Prosecutors may be forced to re-examine thousands of cases where forensic evidence was introduced into trial over the past several years, said Moran, who called the audit "devastating in every conceivable way."

"It clearly is going to have a huge impact on a lot of cases," Moran said. "You have thousands of people who have been convicted, at least in part, on testimony or results that came from the firearms lab. All of those thousands of people should have their cases re-examined."

Barnett brought the gun lab's problems to light in April, after an independent investigator he hired determined that police firearm examiners were wrong in concluding 42 fired shell casings collected at a crime scene came from a single weapon.

The defense expert concluded they came from at least two guns -- 24 from one gun, 17 from another weapon and one casing that could not be identified.

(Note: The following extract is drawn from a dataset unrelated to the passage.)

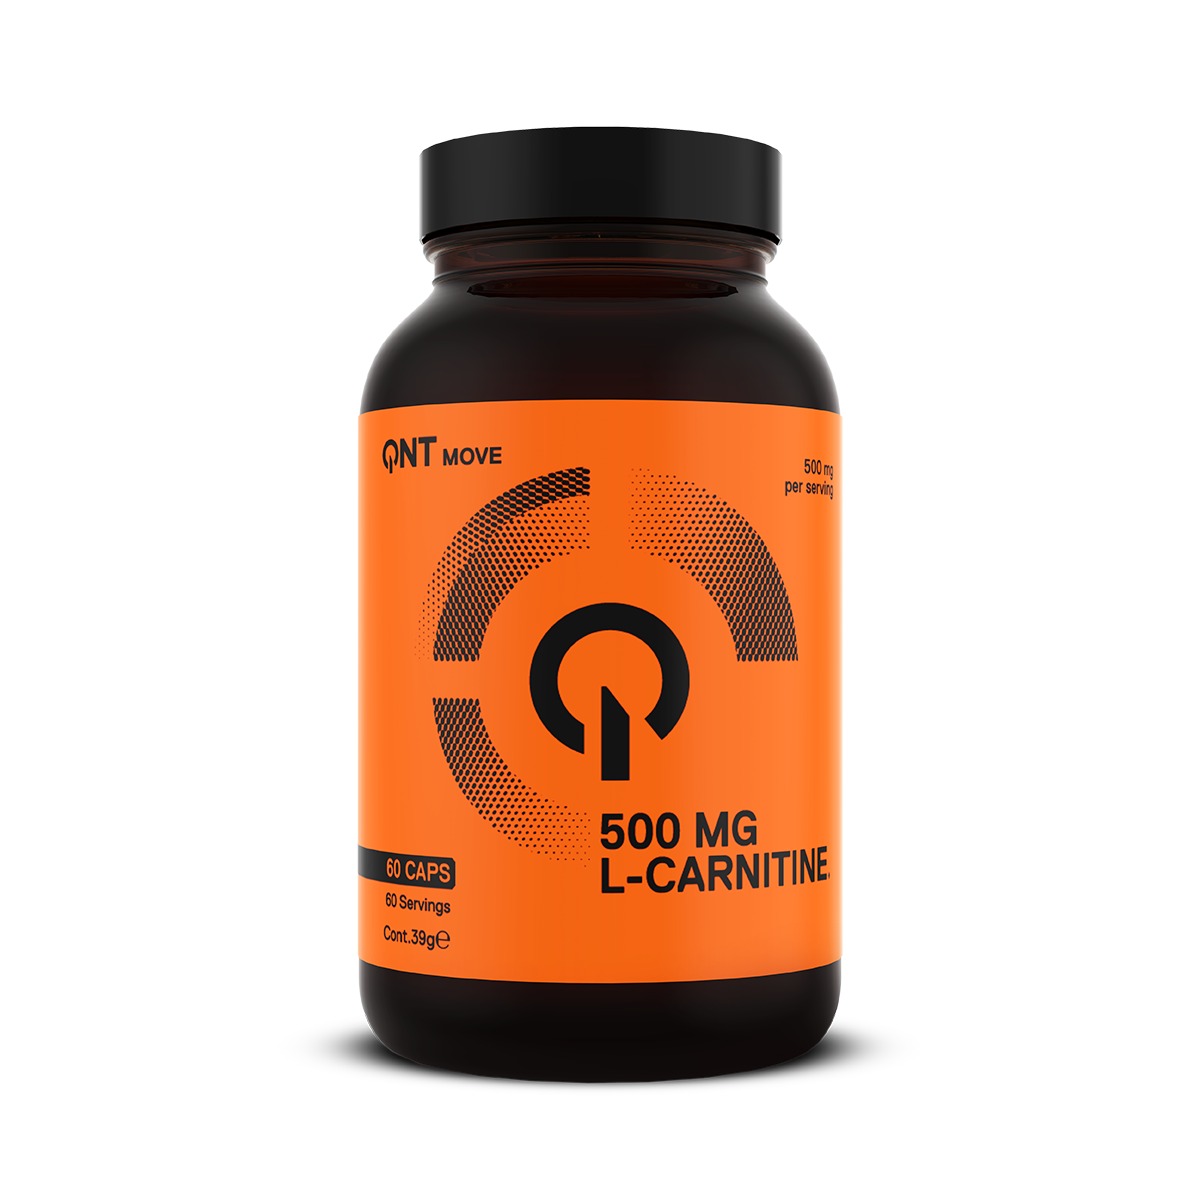 L-carnitine 500mg - 60cps

An independent examiner retained by Worthy confirmed the defense expert's finding. Former Detroit Police Chief Ella Bully-Cummings then shut down the firearms laboratory and asked for the State Police audit.

State labs have backlog

The seven State Police labs in Michigan have a 120-day backlog of more than 1,200 firearms cases, and police throughout the state routinely wait up to nine months for DNA analysis.

"This will have an adverse impact on our backlogs in the forensic lab system across the state," said Capt. Michael Thomas, head of the State Police Forensics Division. "It's going to affect every department."

Worthy said she will immediately begin re-examining cases that resulted in convictions or acquittals where firearms evidence, or testimony of firearms examiners, was introduced in court, but she said she did not know how far back she would go.

"We only found out about this audit (Wednesday)," Worthy said. "We know we have to review all our firearms cases; there's no question about that. I also made the decision that we would have to review all of our other evidentiary cases where the Detroit Police Department has done work out of that lab."

Worthy said she didn't know how much such an undertaking would cost, although she acknowledged, "it's going to cost quite a bit of money."

Thomas said Gov. Jennifer Granholm is seeking additional funding to help pay for the increased workload for the State Police.

The audit, which was released Thursday, is preliminary. A full audit is expected to be released in mid-October, Cockrel said.

"But it clearly suggests this may only be the tip of the iceberg," Cockrel said.

Cockrel said a group made up of representatives from his office and the prosecutor's office, Barren and Michigan State Police will immediately begin looking into the scope of the problem.

Moran said the most damning finding in the audit was the examinations of 33 cases that had already been tried -- three of which showed "class one inconsistencies."

" 'Class one inconsistencies' is just a nice euphemism for a false positive, which means someone actually came into court and said, 'This bullet matches this gun,' when it wasn't true," Moran said.

"Those cases are highly likely to be wrongful convictions.

"If three out of 33 have that result, it's a real problem," Moran said. "God knows how many more of these cases are out there."